Chief Executive Officer Ian Perks framed the move as part of a broader push to unlock value and shore up the balance sheet. He said accelerating the 9 million dollar payment secures near term cash while simplifying the company’s remaining portfolio, and pointed to it as evidence of continued momentum in delivering against strategic priorities.
How the Original Kenya Deal Was Structured
To understand why this update matters, it helps to revisit the original sale. Tullow agreed in July 2025 to hand its entire Kenyan business, held through Tullow Kenya BV, to Auron Energy for a minimum cash consideration of 120 million dollars, marking the British explorer’s full exit from a country where it had drilled since 2010. The company completed that sale in September 2025 after clearing regulatory approval from the Competition Authority of Kenya and separating Tullow Kenya from the wider group.
The payment structure split the 120 million dollars into three tranches. Tranche A, worth 40 million dollars, landed on completion in September 2025. Tranche B, another 40 million dollars, arrived in March 2026 once the Field Development Plan gained approval. Tranche C, the final 40 million dollars, remains untouched by this week’s announcement and stays on the books, payable no later than June 30, 2033.
Tranche C Still Hinges on Oil Prices
That last tranche comes with conditions attached. Quarterly payments of 2 million dollars begin in the third quarter of 2028, but only if Dated Brent oil prices average at least 65 dollars a barrel during the preceding quarter. If the full 40 million dollars has not landed by the June 2033 deadline, Auron Energy must pay whatever remains outstanding as a single lump sum, regardless of where oil prices sit at that point.
Beyond Tranche C, Tullow had also retained a royalty stream worth 0.5 dollars per barrel, calculated against 80 percent of production, along with the option to buy back into future development. This week’s transaction closes out both of those claims permanently, trading long term upside tied to Kenyan oil output for money in hand today.
A Pattern of Trimming Exposure for Cash
Tullow’s decision to cash out early on these residual rights fits a broader pattern the company has followed since exiting Kenya. The Kenya sale ran alongside a separate 307 million dollar disposal of its Gabon business in 2025, part of a wider effort to cut debt and focus resources on higher margin West African production.
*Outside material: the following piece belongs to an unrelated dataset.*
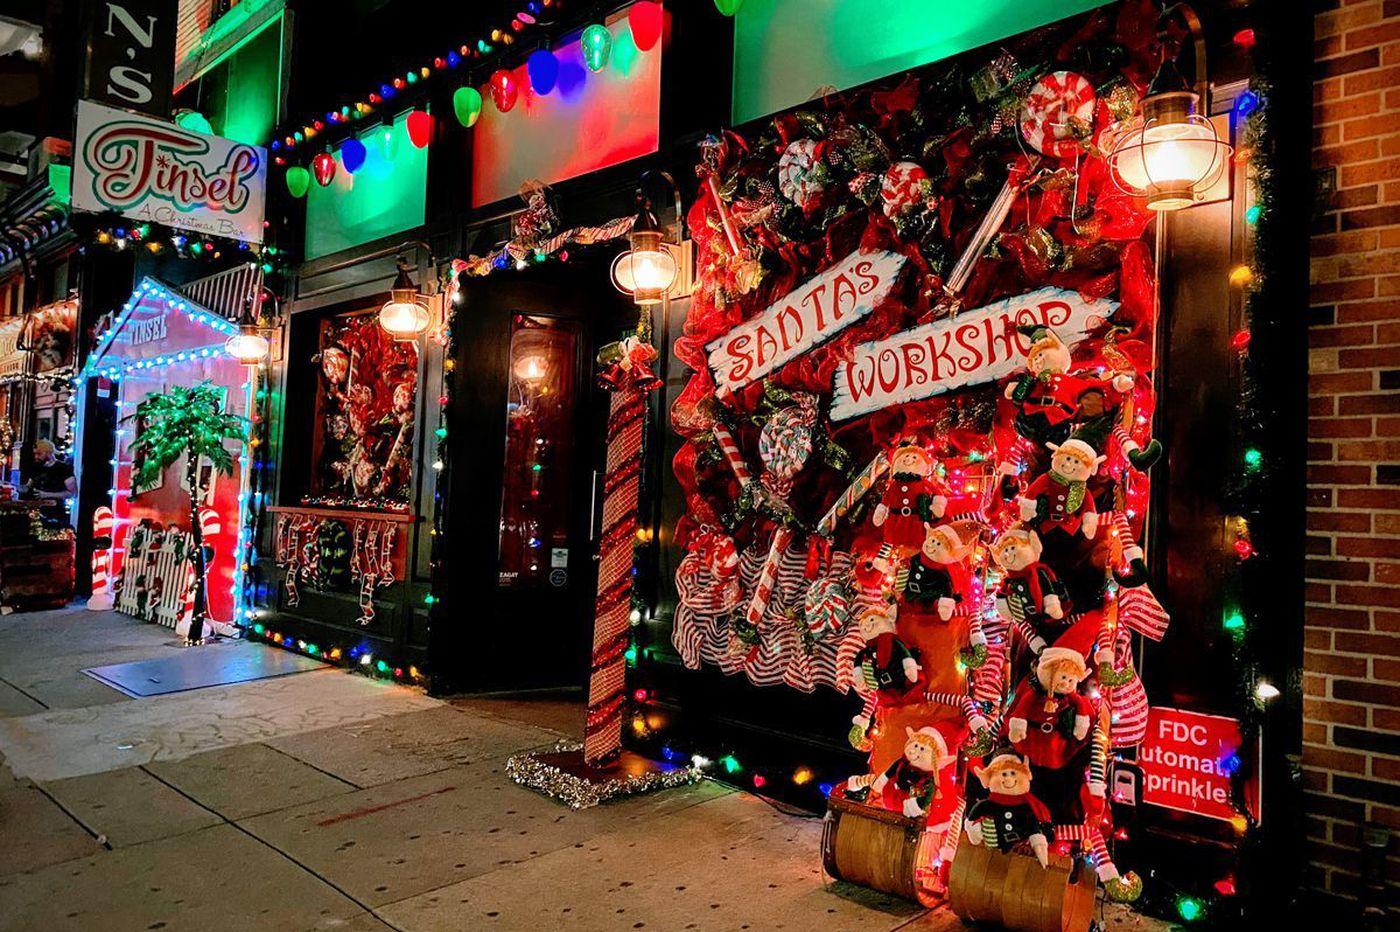 Seasonal bar Tinsel returns to Midtown Village for Christmas in July

Giving up a royalty stream and a back in option might look like leaving money on the table, but for a company prioritizing balance sheet strength over speculative future upside, a guaranteed 9 million dollars today carries more weight than a conditional claim on Kenyan oil that depends on both future exploration success and Brent prices holding above 65 dollars a barrel. Proceeds from the transaction will go toward strengthening Tullow’s balance sheet, with completion and receipt of funds expected by July 17, 2026.